Decision framing (example):

* If challenger reduces default rate by at least X bps and the result is statistically significant, we expand rollout.
* If not significant but directionally positive, we extend duration or widen sample.
* If significantly worse (or triggers risk thresholds), rollback immediately.

In [2]:
# ============================================================
# Mocked Example A — Classical A/B Test (Frequentist)
# ============================================================

# --- Mock experiment setup ---
n_total = 50_000
traffic_split = 0.5
n_A = int(n_total * traffic_split)  # Champion
n_B = n_total - n_A  # Challenger

# Assume we're measuring an "early outcome proxy" (e.g., 60+ DPD) within a short window.
# Use plausible rates for an approved population slice.
p_A_true = 0.130  # 13.0% event rate under champion
p_B_true = 0.122  # 12.2% under challenger (improvement of 80 bps)

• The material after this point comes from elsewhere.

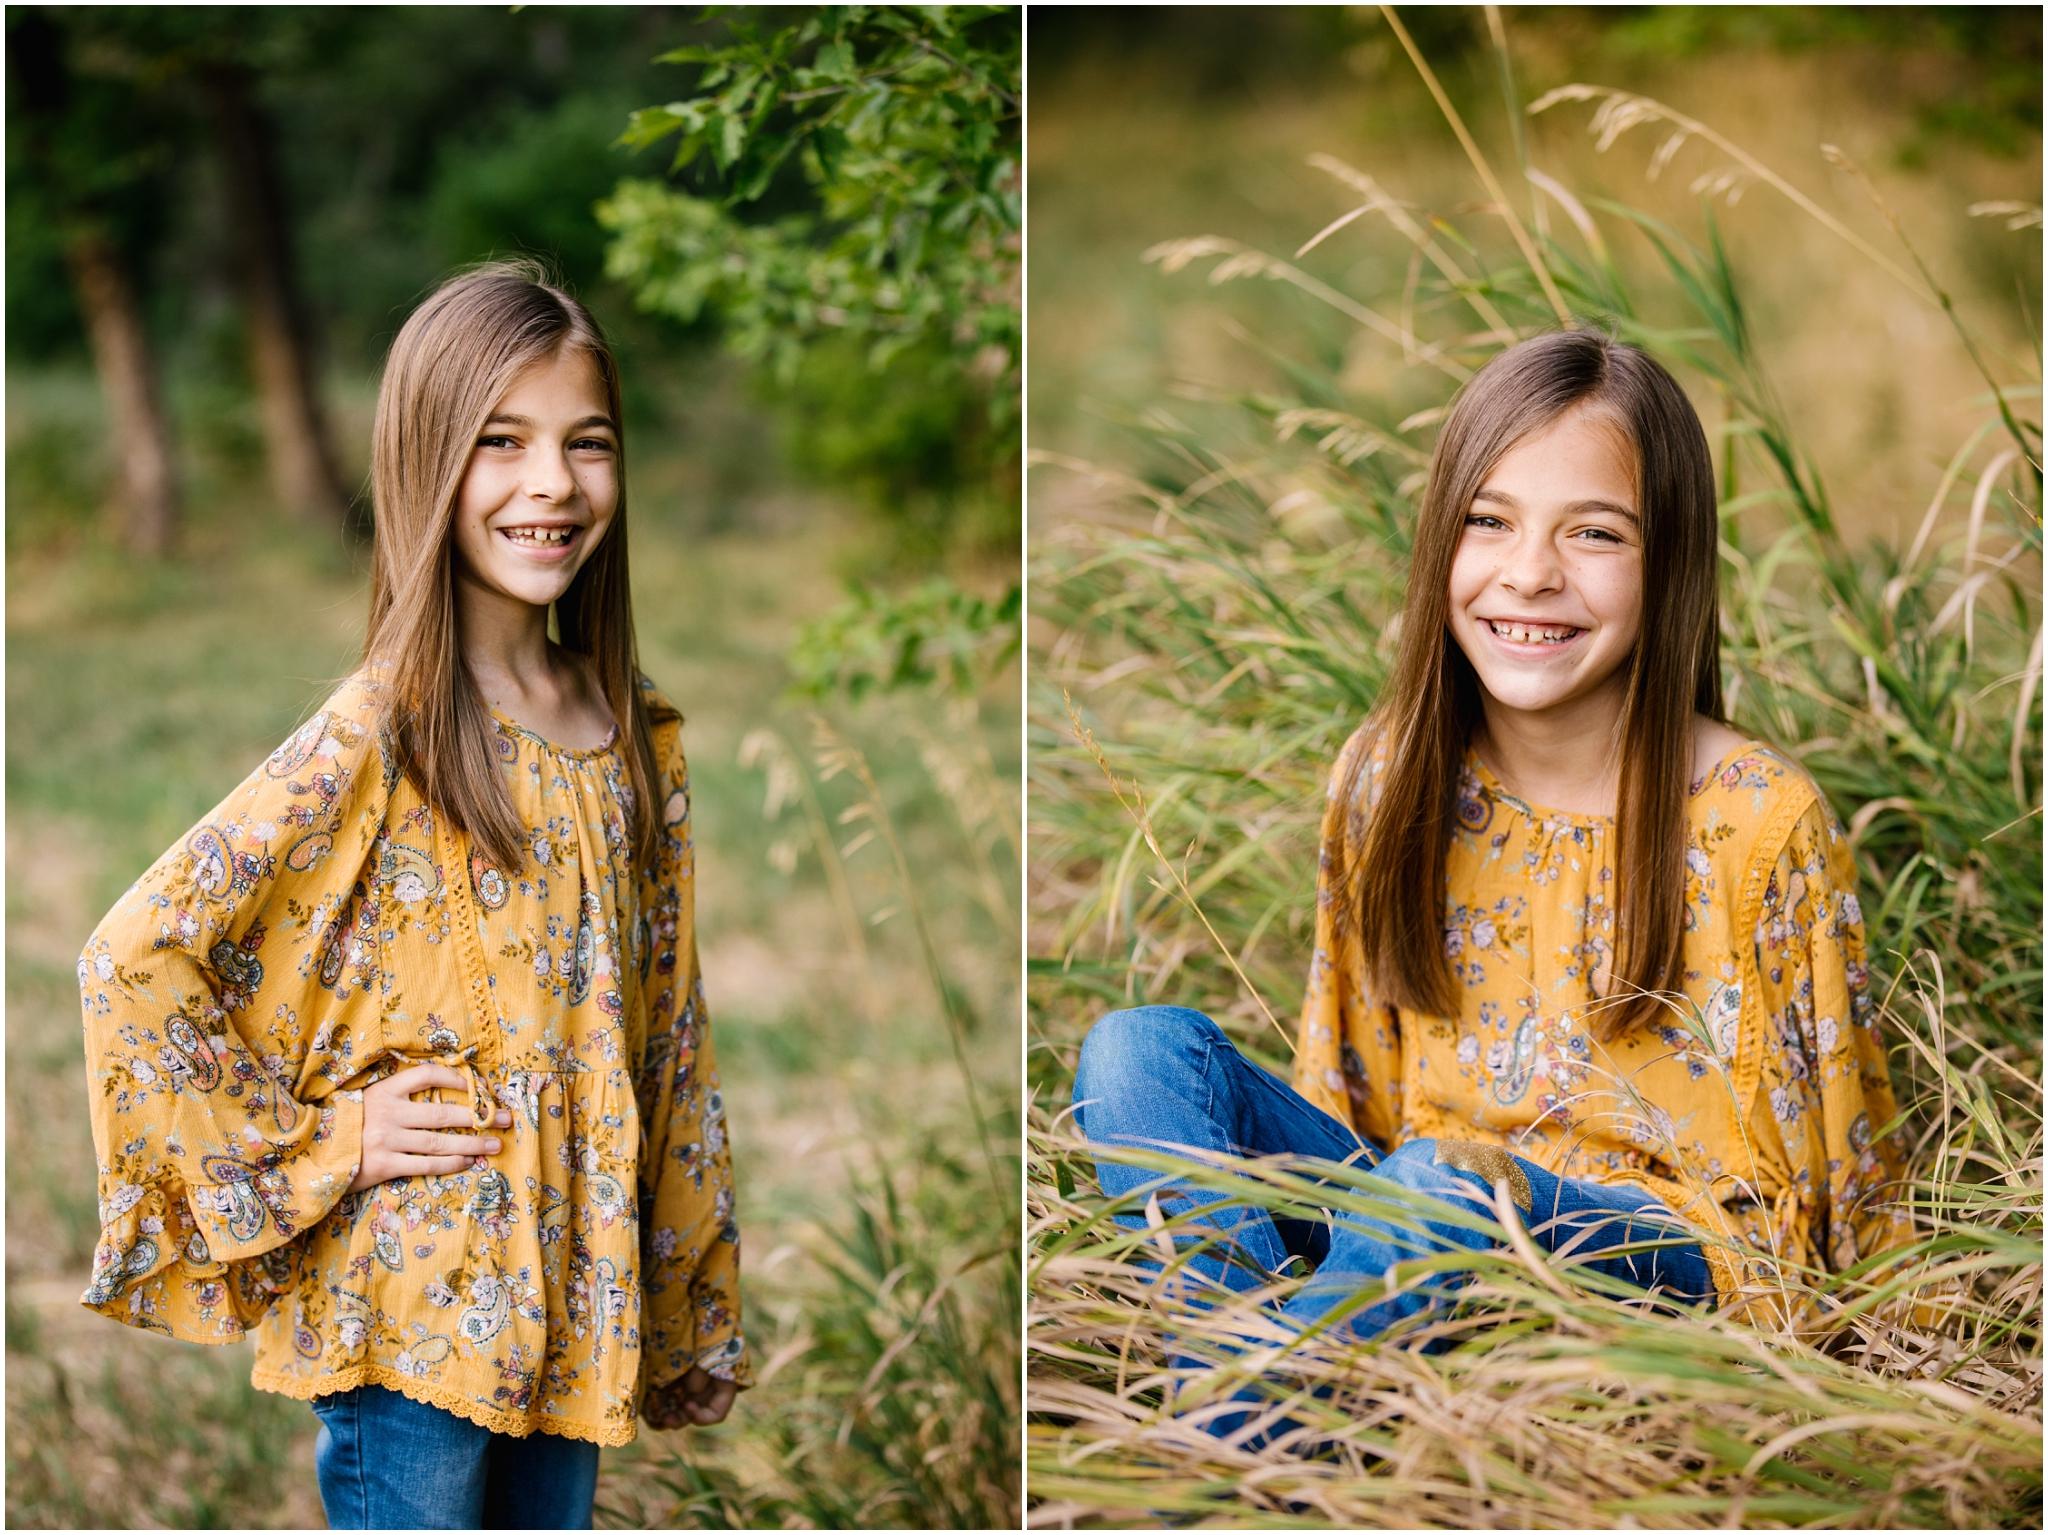 Hurst-21_Lizzie-B-Imagery-Utah-Family-Photographer-Hobble-Creek-Canyon-Jolleys-Ranch-Utah-County.jpg

# Simulate observed events
d_A = np.random.binomial(n_A, p_A_true)
d_B = np.random.binomial(n_B, p_B_true)

pA_hat = d_A / n_A
pB_hat = d_B / n_B
delta = pB_hat - pA_hat  # challenger - champion (negative is good)

# --- Two-proportion z-test (difference in proportions) ---
p_pool = (d_A + d_B) / (n_A + n_B)
se_pool = np.sqrt(p_pool * (1 - p_pool) * (1 / n_A + 1 / n_B))
z = (pB_hat - pA_hat) / se_pool
p_value = 2 * (1 - stats.norm.cdf(abs(z)))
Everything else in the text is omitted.